Multi-omics network analysis of bulk tumors and single cells can help understand molecular mechanisms in multi-dimensional tumor immune microenvironments for the identification of clinically relevant biomarkers and effective therapeutic targets. The increasing amount of data generated with various high-throughput platforms can accelerate scientific discovery, and meanwhile, pose a challenge in harmonization and computation. To integrate genomic data such as CNV and SV generated from different sources, the genome assembly version in each dataset should be converted to hg38. To define the regulation of gene and protein expression, a set of housekeeping genes with stable expression in the studied tissue type should be used for data normalization.
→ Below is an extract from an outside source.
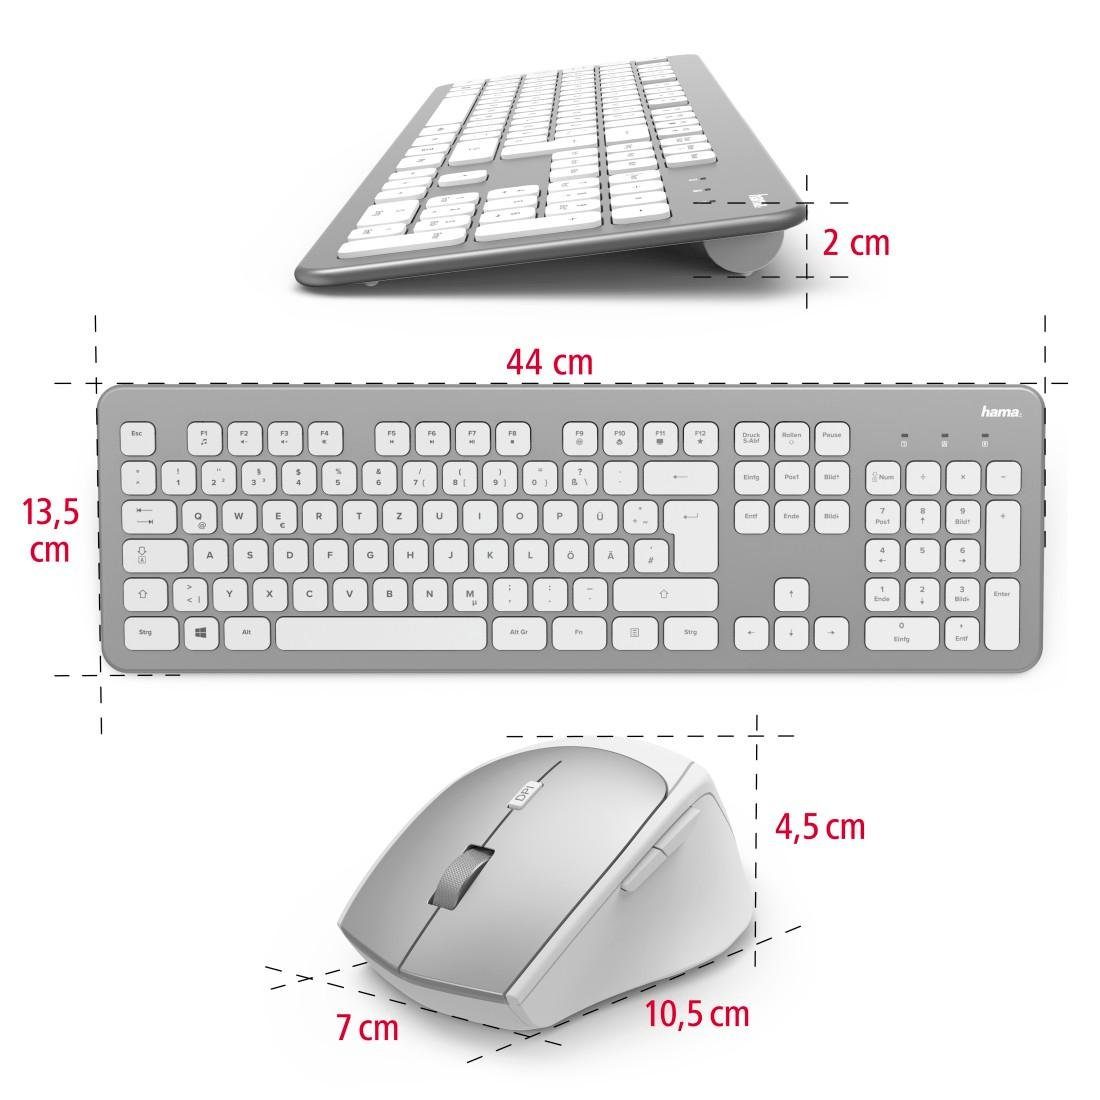 Funktastatur-/Maus-Set und "KMW-700" Tastatur- Tastatur/Maus-Set Maus-Set weiß Hama

To construct genome-scale multi-omics regulatory networks, our Prediction Logic Boolean Implication Networks (PLBINs) have advantages over other methods in terms of computational efficiency, scalability, and accuracy [48,61,64,74]. Our recent study shows that graph theory network centralities can be used for the prioritization of biomarkers and therapeutic targets [218]. Eigenvector centrality, degree centrality, and closeness centrality are top-ranked metrics regarding time complexity and performance. Finally, multi-omic biomarkers should be integrated with patient clinical, pathological, demographic, and comorbid factors for optimal treatment selection. Our approach to integrating multi-omic profiles with large-scale patient EMRs such as the SEER-Medicare cancer registry [221] can identify biomarkers with consistent expression patterns in tumor progression, with potential prognostic and predictive implications in large patient populations. Our methodologies form a conceptually innovative framework encompassing various available information from research laboratories to healthcare systems for the discovery of biomarkers and therapeutic targets, including new and repositioning drugs, ultimately improving cancer patient survival outcomes.

8. Patents

The artificial intelligence methodology using Boolean implication networks based on prediction logic for drug discovery was filed under PCT/US22/75136.